I knew I should just have waited till a proper scholar answered!


----------



## wildan1

isn't it _des crustacés_?


----------



## Cath.S.

wildan1 said:


> isn't it _des crustacés_?


Lobsters, for instance, are _crustacés _(=crustaceans) but mussels and oysters are not, they are _mollusques _(=molluscs), while urchins are _échinodermes_ (=echinoderms).


----------



## wildan1

OK, but _fruits de mer _would include fish too--wouldn't that be "seafood," rather than "shellfish"?


----------



## Cath.S.

I've already said so and I'll say it again, knowing that no native will disagree: _fruits de mer_* does not* include fish.


----------



## wildan1

wildan1 said:


> OK, but _fruits de mer _would include fish too--wouldn't that be "seafood," rather than "shellfish"?
> 
> I've already said so and I'll say it again, knowing that no native will disagree: _fruits de mer_* does not* include fish.


 
_produits de la mer_ then?


----------



## poireau

how about "Coquillage" for shellfish?


----------



## Nicomon

wildan1 said:


> OK, but _fruits de mer _would include fish too--wouldn't that be "seafood," rather than "shellfish"?


 


egueule said:


> I've already said so and I'll say it again, knowing that no native will disagree: _fruits de mer_* does not* include fish.


 
It's understandable that wildan was puzzled... contrary to French, it seems that seafood does include fish in English. As confirmed by this short quote form the GDT



> Note(s) :
> Le terme anglais « seafood » s'applique aux poissons, aux crustacés et aux mollusques alors que le français « fruits de mer » ne désigne que ces deux dernières catégories.


 


poireau said:


> how about "Coquillage" for shellfish?


 
The GDT translates shell*fish *as _crustacés et mollusques _and *sea*shell as _coquillage _(as so would I), however the WR dictionary translates both as _coquillage_.


----------



## unefemme1

I've always thought _fruits de mer_ would translate into "seafood" in English, but from what i gather, there seems to be a difference between the English definition of "seafood" and the French definition of "fruits de mer"...so perhaps a more correct definition of _fruits de mer_ for English speakers would be "produce of the sea excluding fish"??
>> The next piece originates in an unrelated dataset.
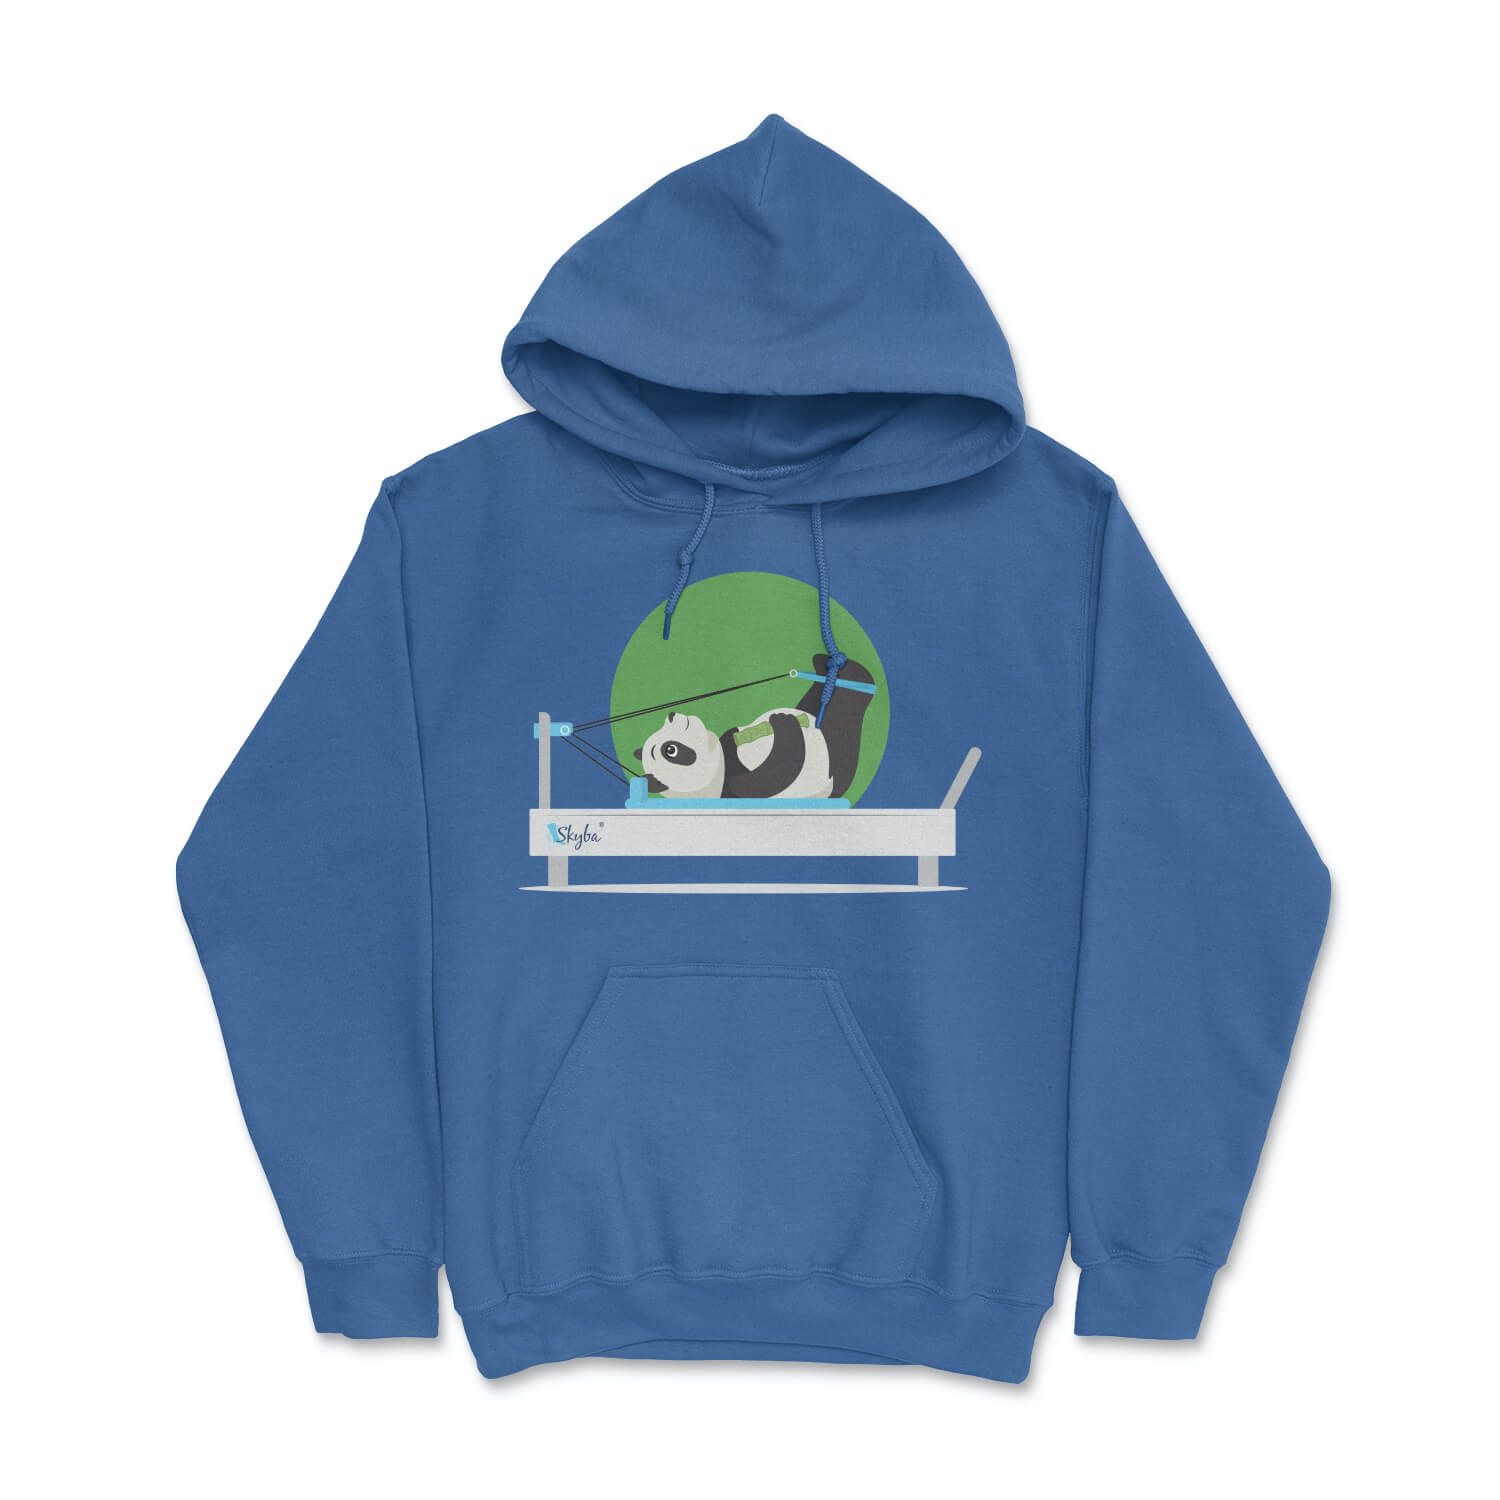 Focused Panda on Reformer - Cozy Hooded Sweatshirt Skyba Hoodie

More to the point, we still haven't found an equivelant or exact French version of "shellfish"...

Wait, I just found this link: http://www.beyond.fr/food/seafood.html (Natives might check it out) and it translates "shellfish" as_ cigale de mer..._maybe that would work?


----------



## RuK

cigale de mer is a specific form of shellfish, a bit like a crayfish I think. 

I think* fruits de mer* is OK for shellfish. I was confused initially - it's clear to me now that seafood is the hard one to translate, since it's shellfish plus fish.


----------



## The MightyQ

The restaurants in this area advertise "coquillage" for shellfish.


----------



## Nicomon

The MightyQ said:


> The restaurants in this area advertise "coquillage" for shellfish.


 
As specified in the WR dictionary, a « coquillage » is a "mollusc". It wouldn't include lobsters, crabs or shrimps.
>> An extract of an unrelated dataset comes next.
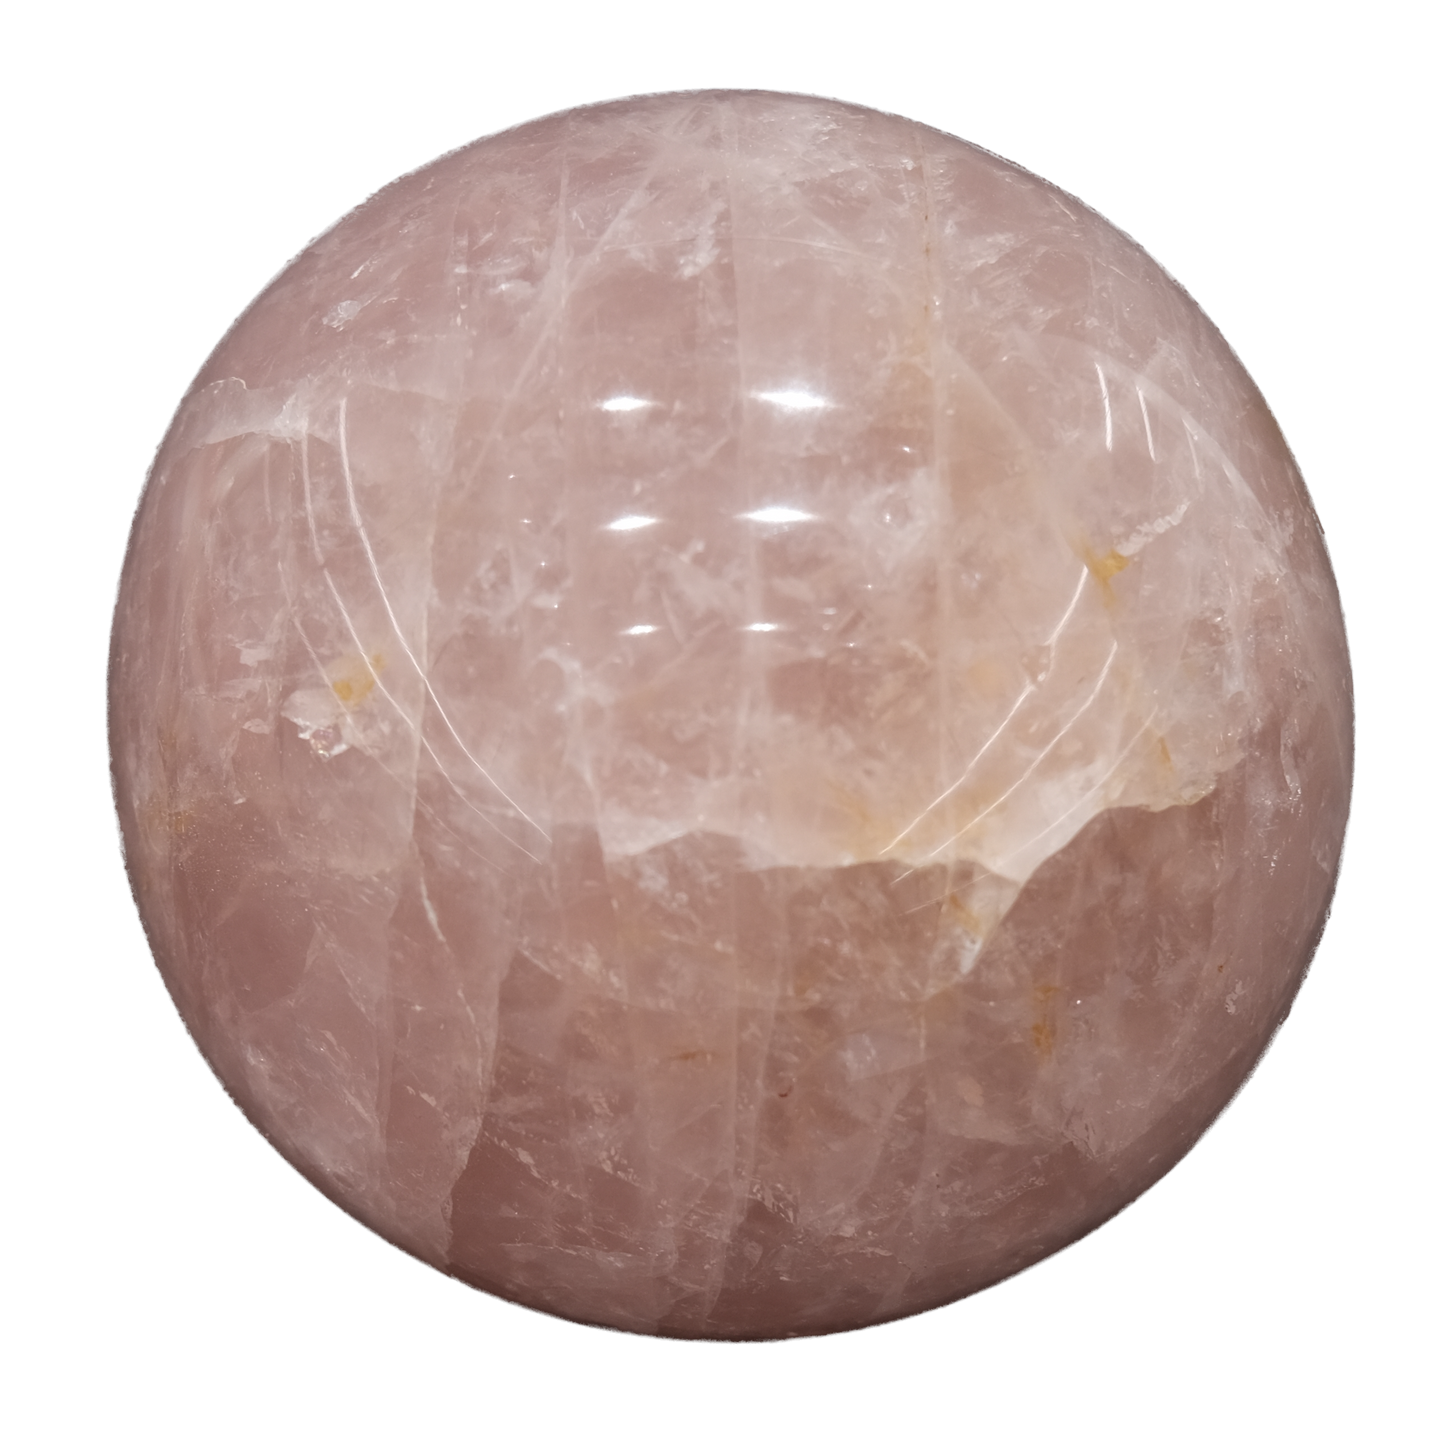 Rose Quartz Sphere 891g

The GDT defines shellfish as this:


> Définition :
> Aquatic invertebrates possessing a shell or exoskeleton, usually molluscs or crustaceans


 
For « cigale de mer » I found "Spanish lobster" or "squill fish"... that would be a "shellfish of the crustacean variety"
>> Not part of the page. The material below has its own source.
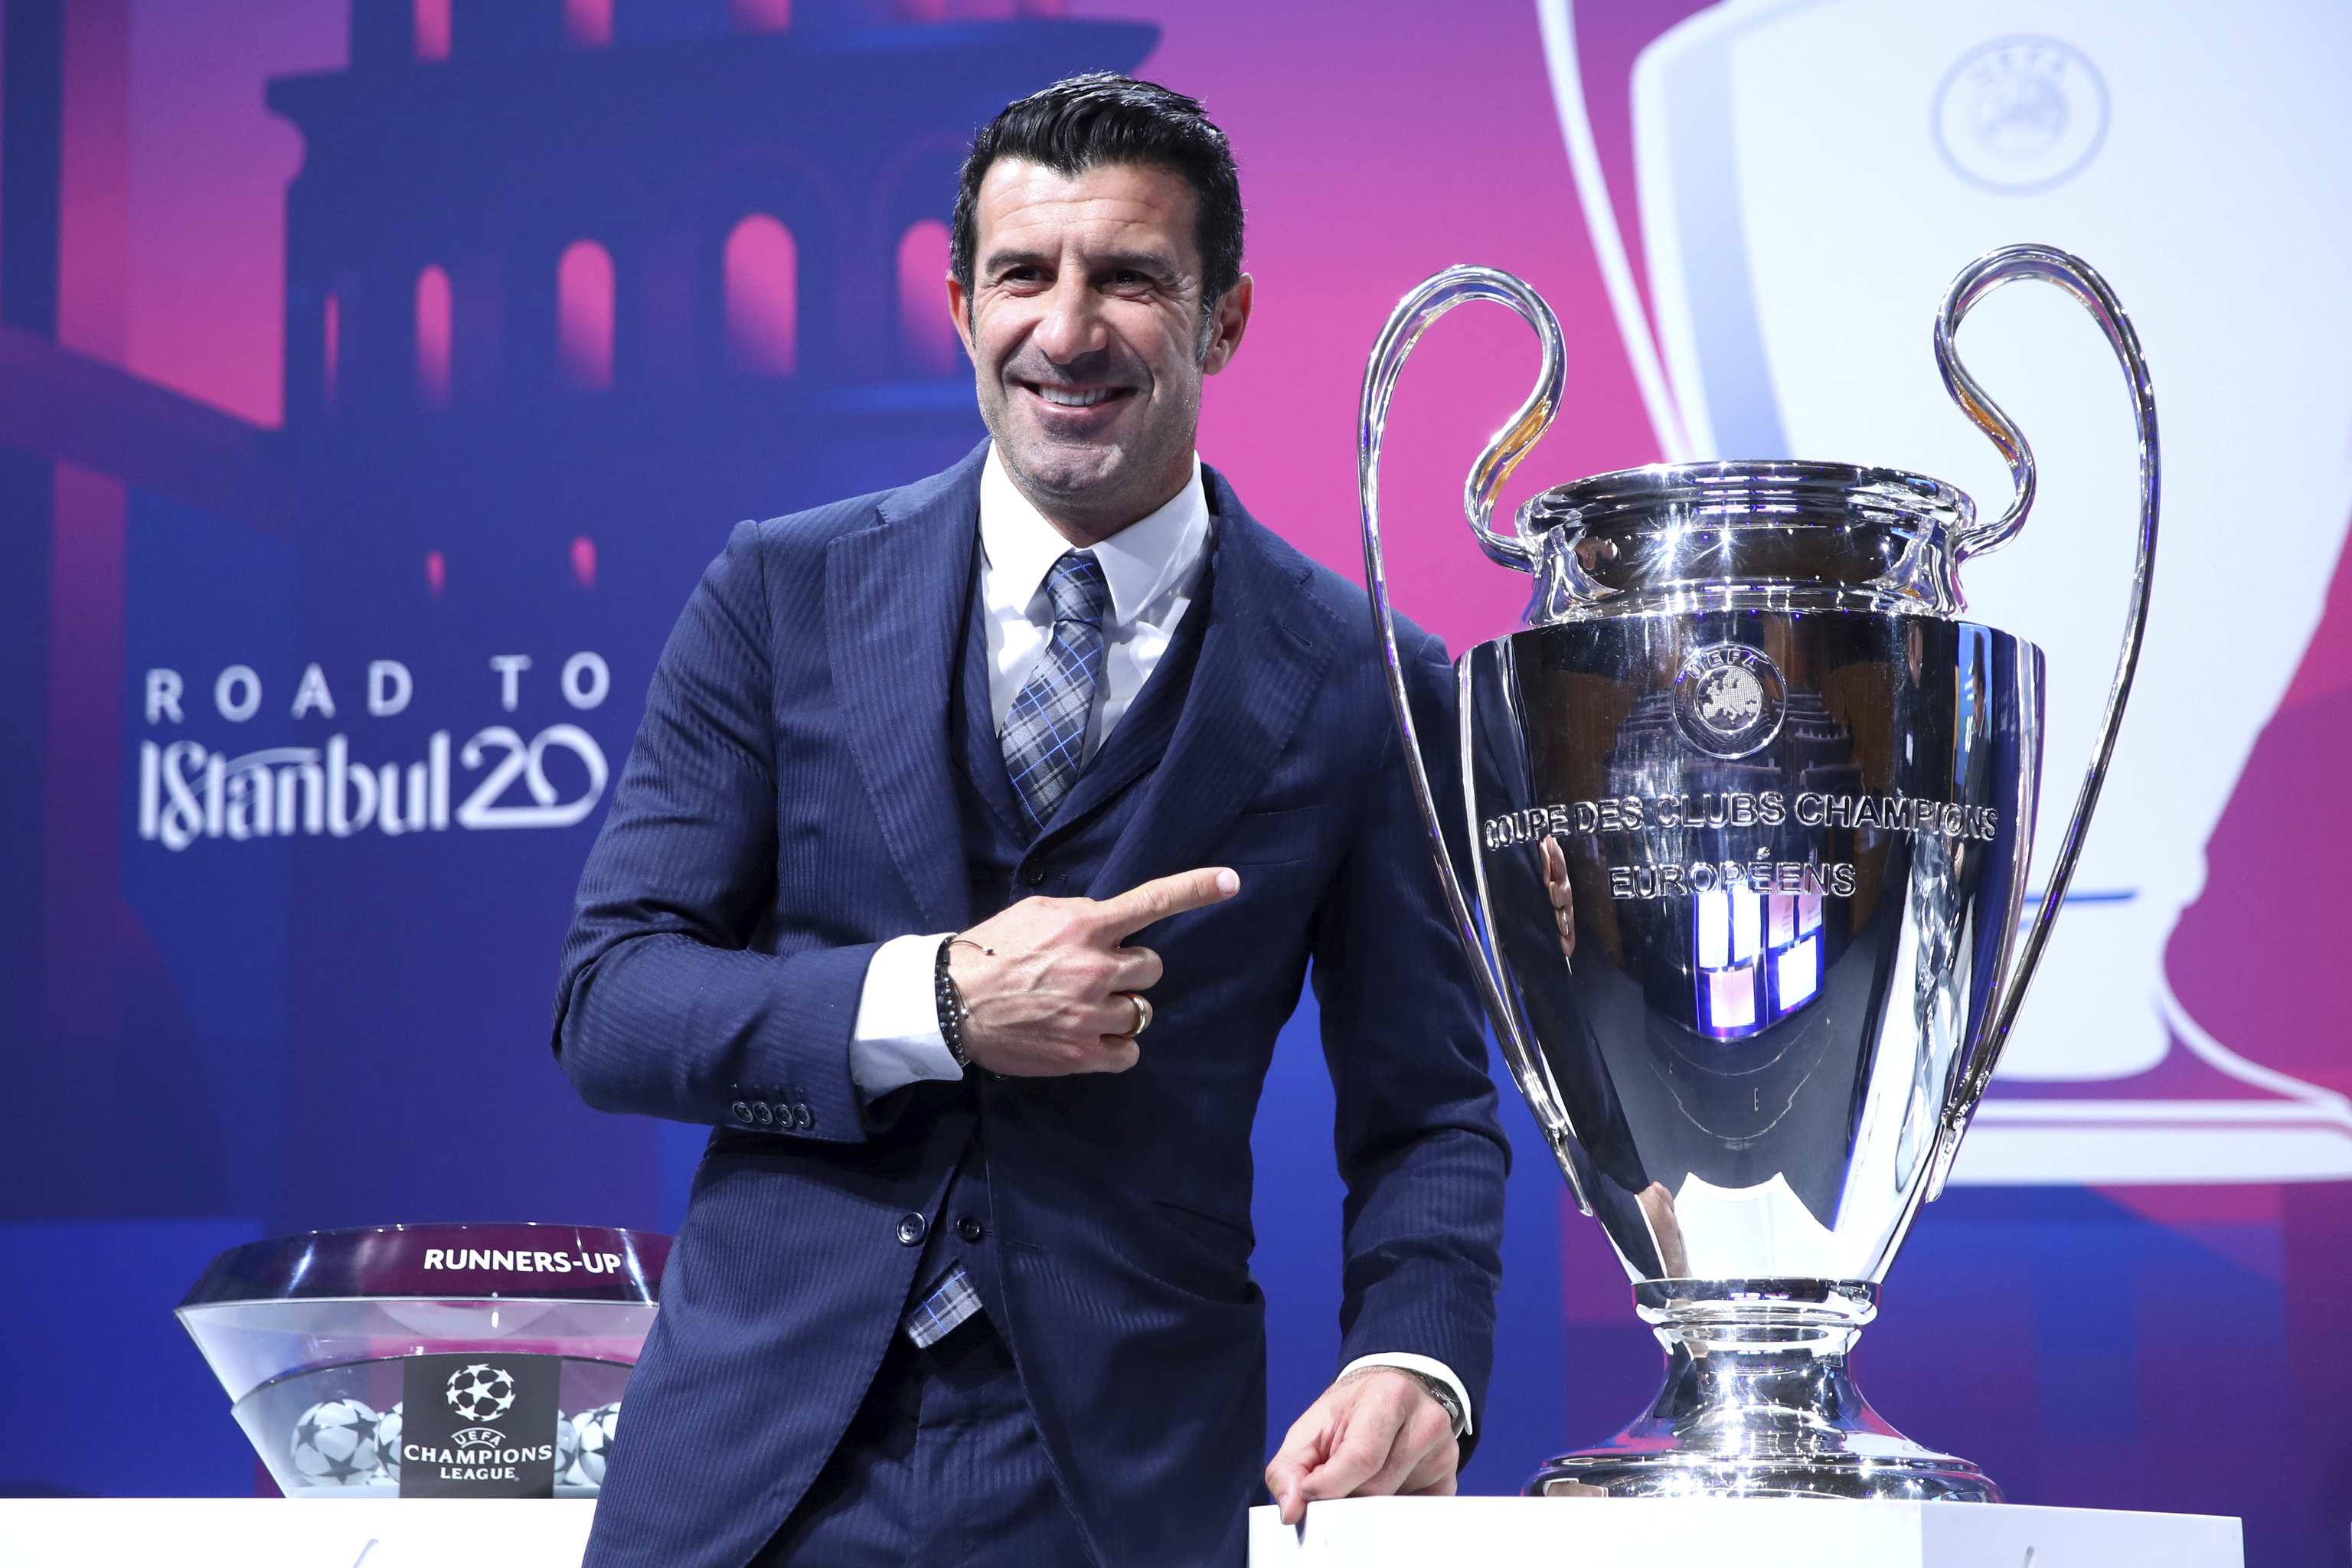 Champions: y dónde en directo la del sorteo de la Champions | Champions League 2021 - 2022

I believe that it goes like this:
seafood = fish + shellfish = _poissons et fruits de mer_
shellfish = molluscs and crusteceans = _mollusques et crustacés _

shell = carapace ou coquille
Les mollusques (coquillages) ont une coquille = e.g. clams, mussels, oysters, snails (escargots)
Les crustacés ont une carapace = e.g. lobster, crab, shrimp

And "seashells" are the « coquillages » that are found on the beach... you don't eat those

Have I got this right??


----------



## giannid

For me, seafood does not include fish, but does include things like squid, and pretty much everything but fish.  Doesn't The 
Bible tell us not to eat seafood, but that fish is okay?


----------



## la reine victoria

I have enjoyed sharing many an "assiette de fruits de mer" in France.  Strictly shellfish.  The fun is in using all the tools provided to crack things open and extract the flesh.  

LRV


----------



## Nicomon

giannid said:


> For me, seafood does not include fish, but does include things like squid, and pretty much everything but fish. Doesn't The
> Bible tell us not to eat seafood, but that fish is okay?


 
I wouldn't know about the Bible, but I guess you're right that seafood does not necessarily include fish. Same as _fruits de mer_ in French. In which case the GDT would be misleading. Because after all, fish can also be found in lakes and rivers.  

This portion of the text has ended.